Urging Prime Minister Narendra Modi to direct the Archaeological Survey of India (ASI) to inspect the monument and carry out necessary repairs, Bukhari said the central heritage body has been conserving the masjid under special arrangement.

Bukhari had also written to the Prime Minister in 2017, following which the ASI was directed to undertake a survey of the damage and help with the conservation.

Earlier this month, three Members of Parliament (MPs) raised the issue of conservation of the Jama Masjid in the House. Samajwadi Party’s Shafiqur Rahman Barq said that ASI was not carrying out repairs despite the mosque’s rapidly deteriorating condition. Kunwar Danish Ali of the Bahujan Samaj Party also raised the issue of the dilapidated condition of the Jama Masjid, and asked if the government will work towards saving the legacy and heritage of the mosque. Ali said that the mosque was visited by foreign heads of states and diplomats but it was not getting any attention from the ASI. He said the ASI manages repair and conservation of several monuments that were not under its ambit, and was doing the same for Jama Masjid, until three years ago.
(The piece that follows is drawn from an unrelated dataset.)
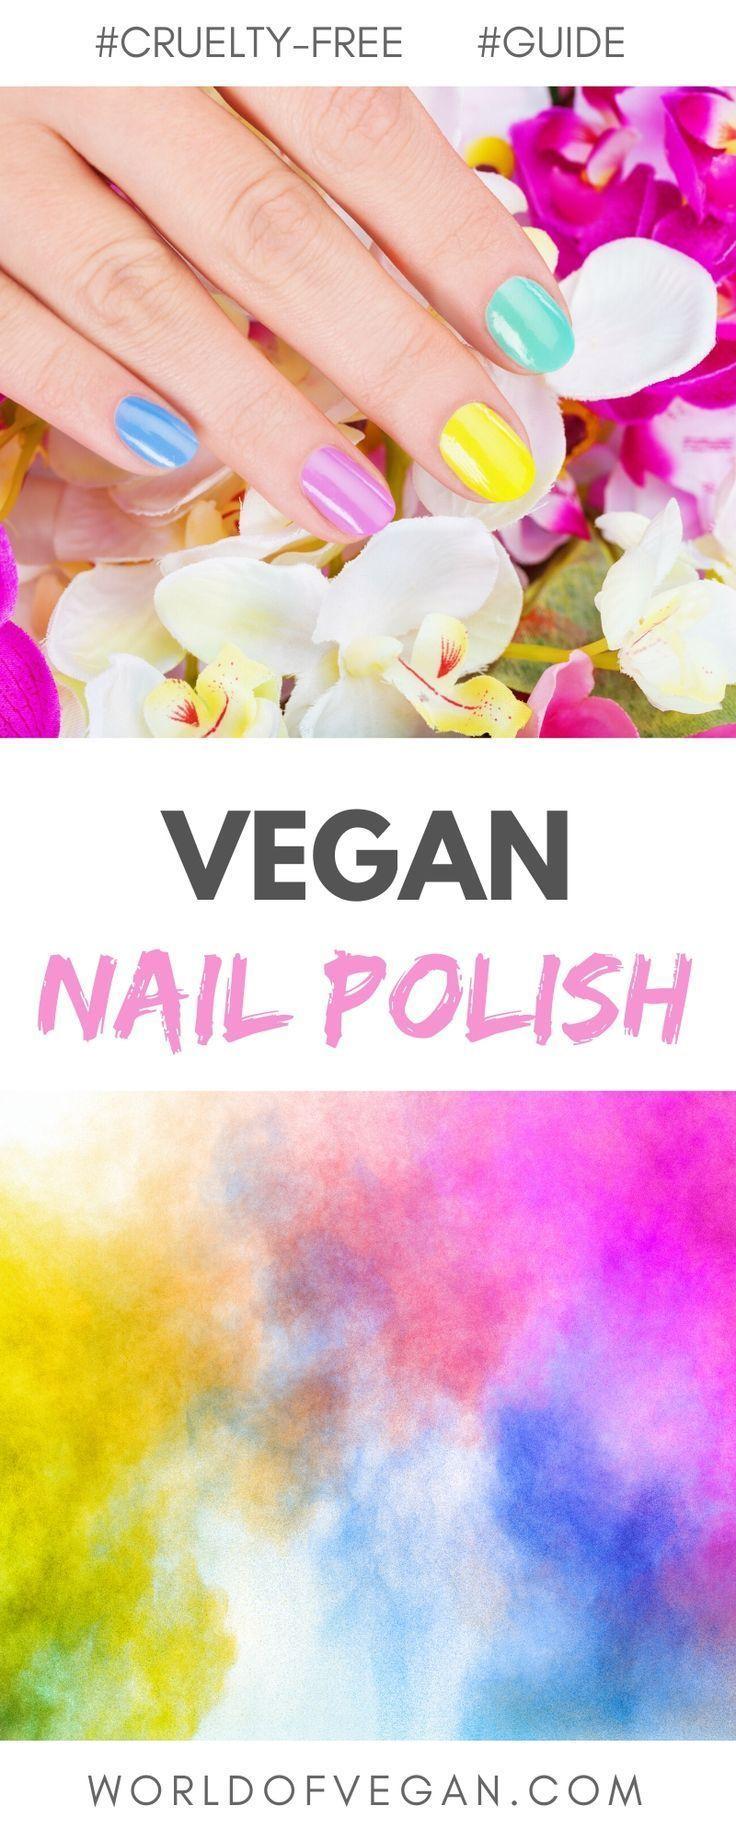 Guide to Natural, CrueltyFree & Vegan Nail Polish

PV Abdul Wahab from the IUML (Indian Union Muslim League) also raised the issue.

In response to Ali’s question, Union culture and tourism minister G Kishan Reddy said the government could take up a proposal for the mosque’s repair provided it came from the Delhi government. “The ASI protects over 4,000 monuments in the country. The Jama Masjid is not among these monuments, but if the state government gave us any proposal seeking ASI intervention for maintenance through the central government, we can take up the proposal,” said Reddy.

Mughal emperor Shahjahan built the mosque in 1656.
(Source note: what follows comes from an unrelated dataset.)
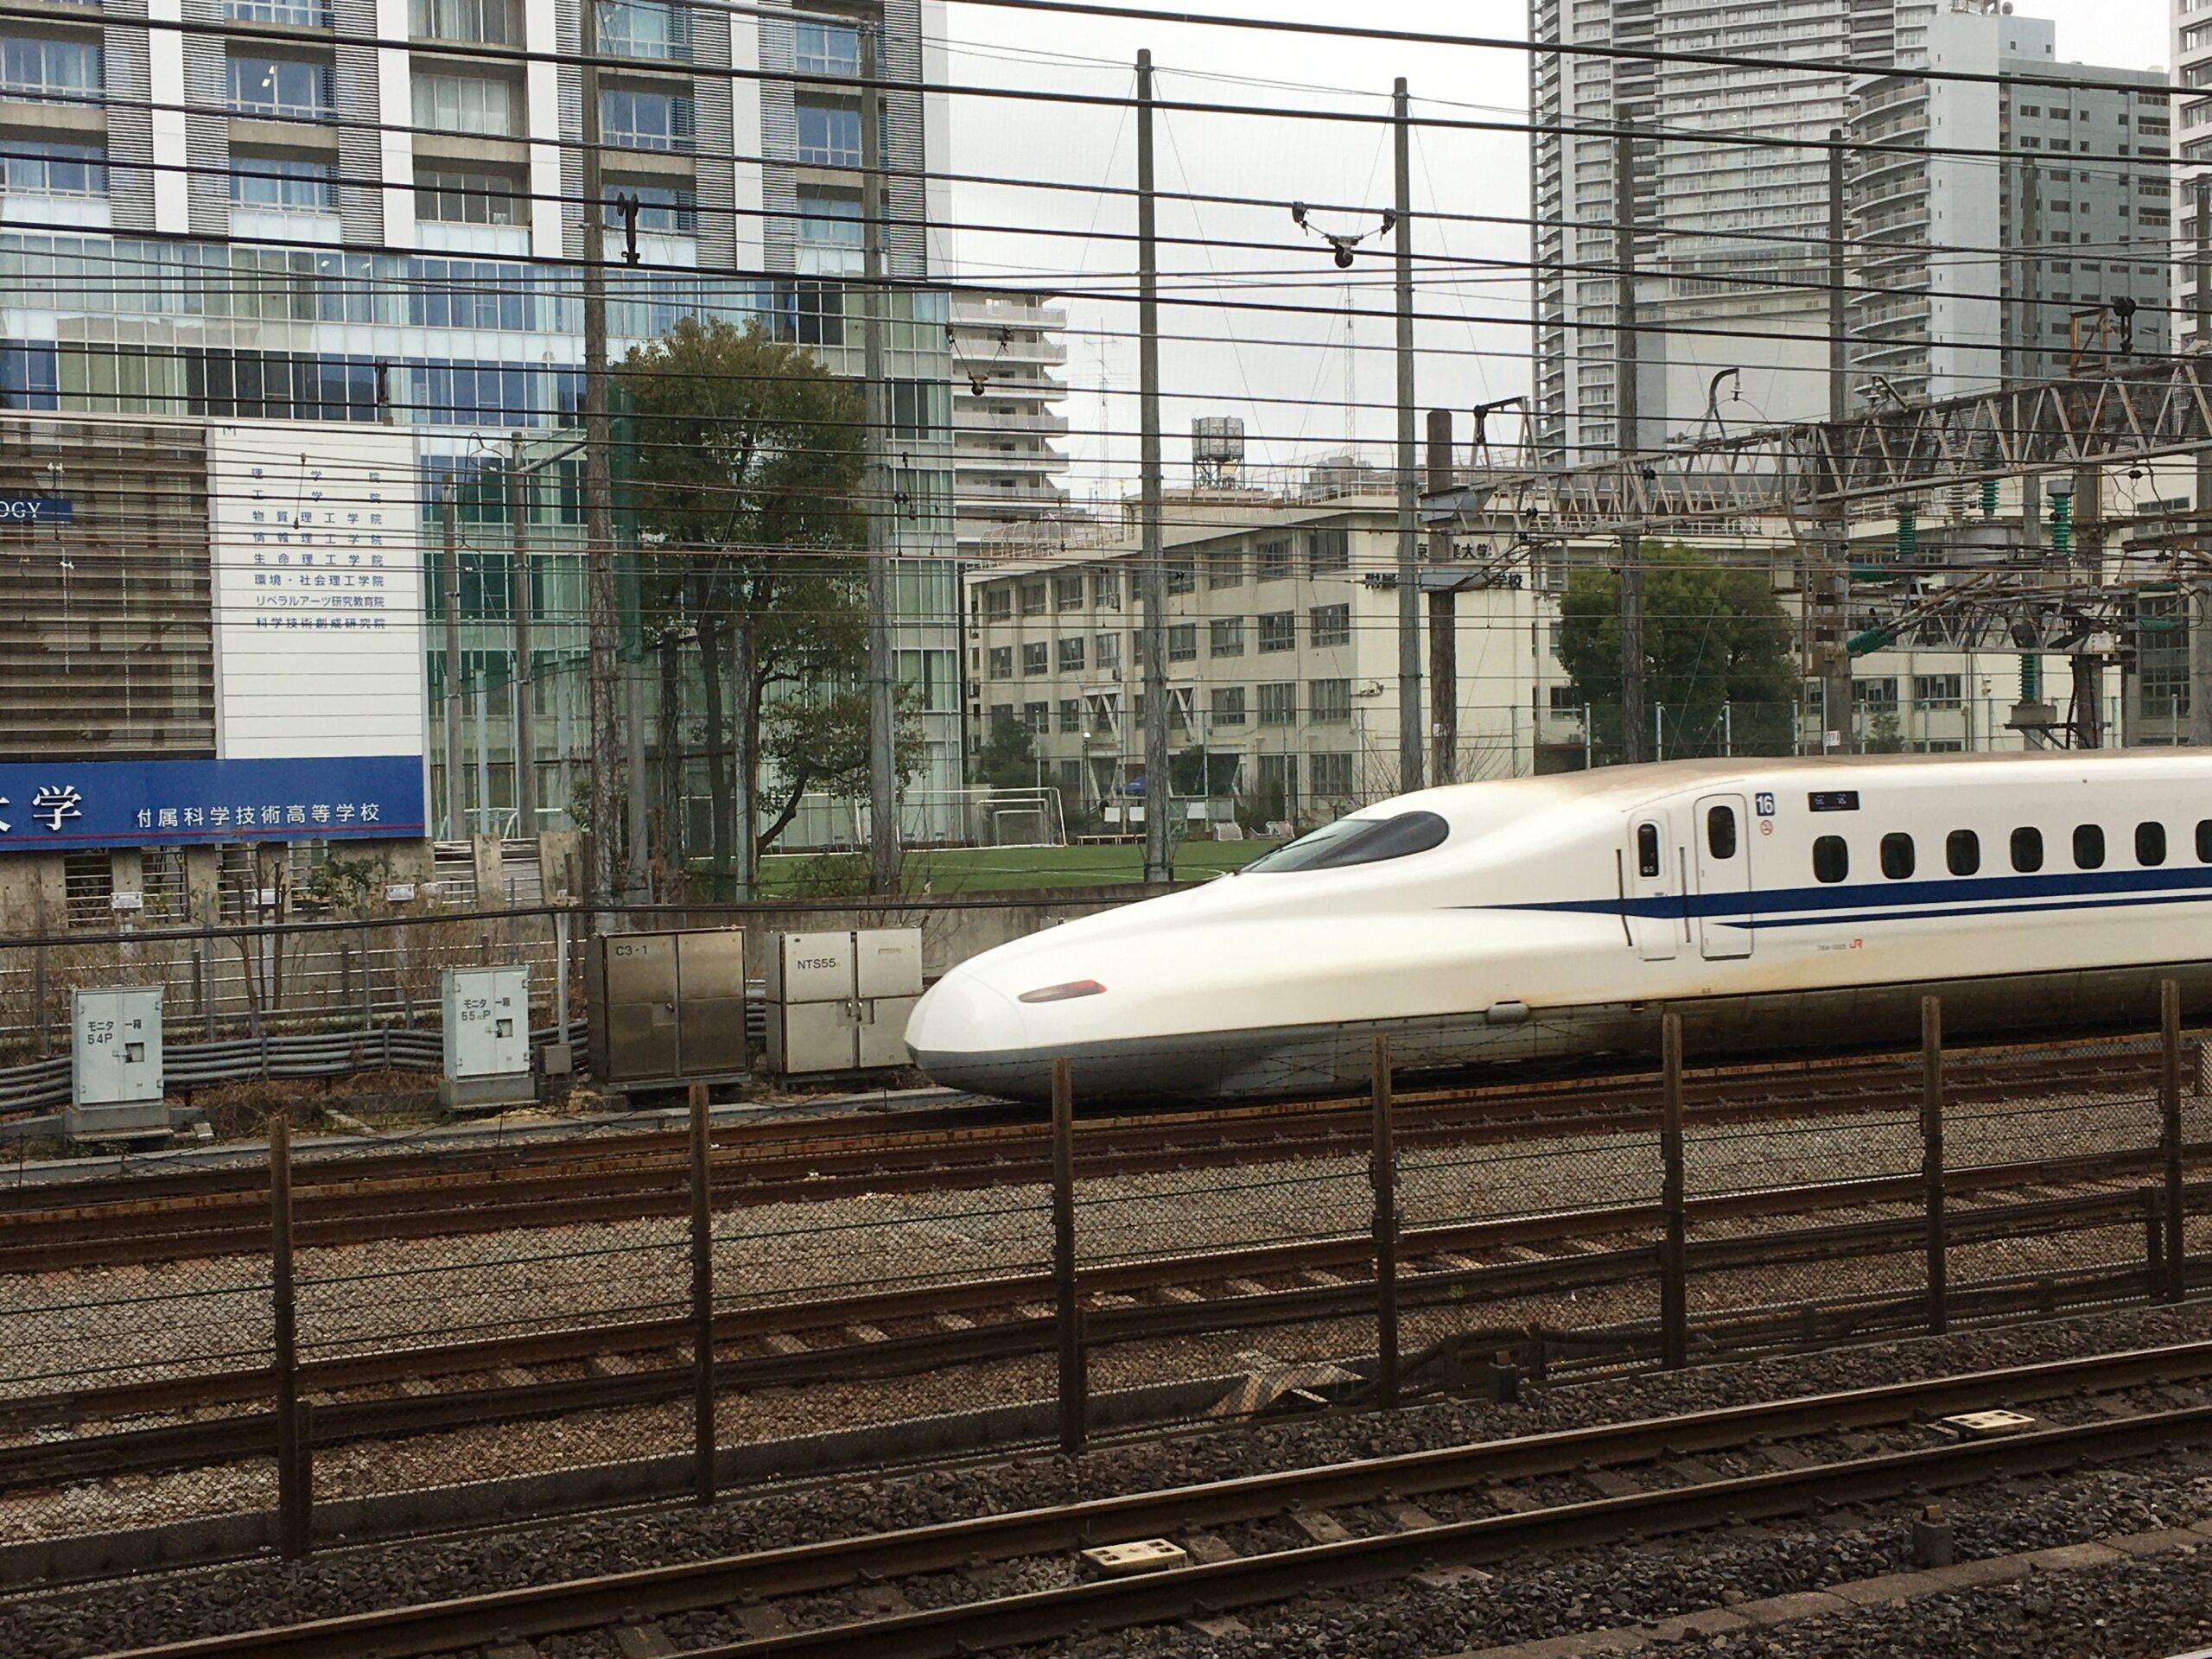 JR田町駅前で大規模開発、東京工業大キャンパス活用ーNTT都市開発など4社

During the Lok Sabha proceedings on Monday, TMC MP Sajda Ahmed asked the culture minister if the government had conducted a survey to assess the damage and the scope of work at Jama Masjid. She also sought details about the funds that ASI had allocated for repairs if any. In a written response, tourism minister Reddy said that the ASI provided funds for the conservation of Jama Masjid as and when required and shared expenditure details on conservation of Jama Masjid between 2017-20.

Bukhari said that Jawaharlal Nehru had given a go-ahead to repairs and conservation support at the mosque as a special case. “Prime Minister Nehru met my father, then Shahi Imam, along with Maulana Abul Kalam Azad who sought that work is carried out Jama Masjid as a special case. The practise of repairs by ASI is on then. I believe that if an accurate account of the long-term arrangement is shared with Prime Minister Modi, the central government will pitch in with support,” said Bukhari.

AAP MLA Amanatullah Khan, who is the chairman of the Delhi Waqf Board, also visited the mosque earlier this month, and promised to pitch in with help. Bukhari said while all help was welcome, the scope of work required at the mosque could only be taken up the ASI since the Waqf board might not have sufficient funds and expertise required for repairs.

Historian and author Swapna Liddle said that the conservation of Jama Masjid needed to be a priority for all stakeholders since it was not always possible to reverse the damage sustained. “The priority should be to stop the mosque from deteriorating since damage can often be irreversible. If the stones fall down and collapse, the damage cannot be turned back. The first response should be to avoid such situations through comprehensive conservation support,” said Liddle.

DN Dimri, former ASI joint director-general, said regular cement is not used for conserving monuments. Dimri said that as per the conservation principle, materials not used in the making of the monument are not used for conservation work. “As per the ASI’s conservation manual, cement is not allowed for conservation because these monuments demonstrate the use of lime mortar and not cement. The ASI has carried out repairs at Jama Masjid from time to time in the past as part of a special arrangement, but cement was never used,” said Dimri.